One photo, obtained by Gawker, showed Rosenthal holding a replica M-16 and a bottle of wine while recreating the June 2001 Nepalese royal massacre, with a calendar on the wall showing the photo was taken the same month.
— Adam Weinstein (@AdamWeinstein) June 23, 2015
The massacre was a gruesome scene, with Prince Dipendra, armed with three guns including an M-16, killing nine members of his family before committing suicide. Two children were saved when Prince Paras pulled a sofa over them amidst the gunfire.
The NYT staff do not stick to just mocking heinous mass shootings, however. Another photo shows Executive Editor Bill Keller standing over a recreation of the Heaven’s Gate Cult mass suicide.
On March 26, 1997, 38 members of the cult, as well as their leader Marshall Applewhite, were found dead, lying neatly in matching outfits. The members of the cult had consumed a mixture of phenobarbital and applesauce, which they washed down with vodka before placing plastic bags over their heads to cause asphyxiation.

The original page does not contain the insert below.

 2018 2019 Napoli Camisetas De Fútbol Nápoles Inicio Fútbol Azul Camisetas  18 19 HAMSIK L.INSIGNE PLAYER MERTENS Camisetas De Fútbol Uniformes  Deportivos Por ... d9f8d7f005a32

The members believed that they would board a UFO that was following the Hale-Bopp comet.
— 78tiger (@78tiger) June 23, 2015
The photos were posted to a private Facebook group of New York Times alumni, by Anne Cronin, the current Bloomberg View editor. In a statement to Gawker she wrote that the photos are part of a “wonderful inhouse tradition,” and made no apologies for the insensitive content.
Cronin expressed frustration that the photos were leaked from the group, which is intended to be private.
“I used to organize a Seersucker Day at the Times to mark the first full day of summer,” Cronin wrote. “I took all the photos every year and posted some on the New York Times Alumni forum, which asks that we not share this material with anyone outside the group.”
In a statement to Gawker, current Times publisher Arthur Sulzberger Jr. said: “These photos are in poor taste, not reflective of the values of The New York Times and deeply regrettable.”
When Gawker approached Keller for comment, he responded with a fairly clever zing against their website, but failed to address the offensive nature of the photos.
“This is what journalists did with their childish impulses before there was Gawker,” Keller stated.
Rosenthal has yet to comment on or publicly address the photos.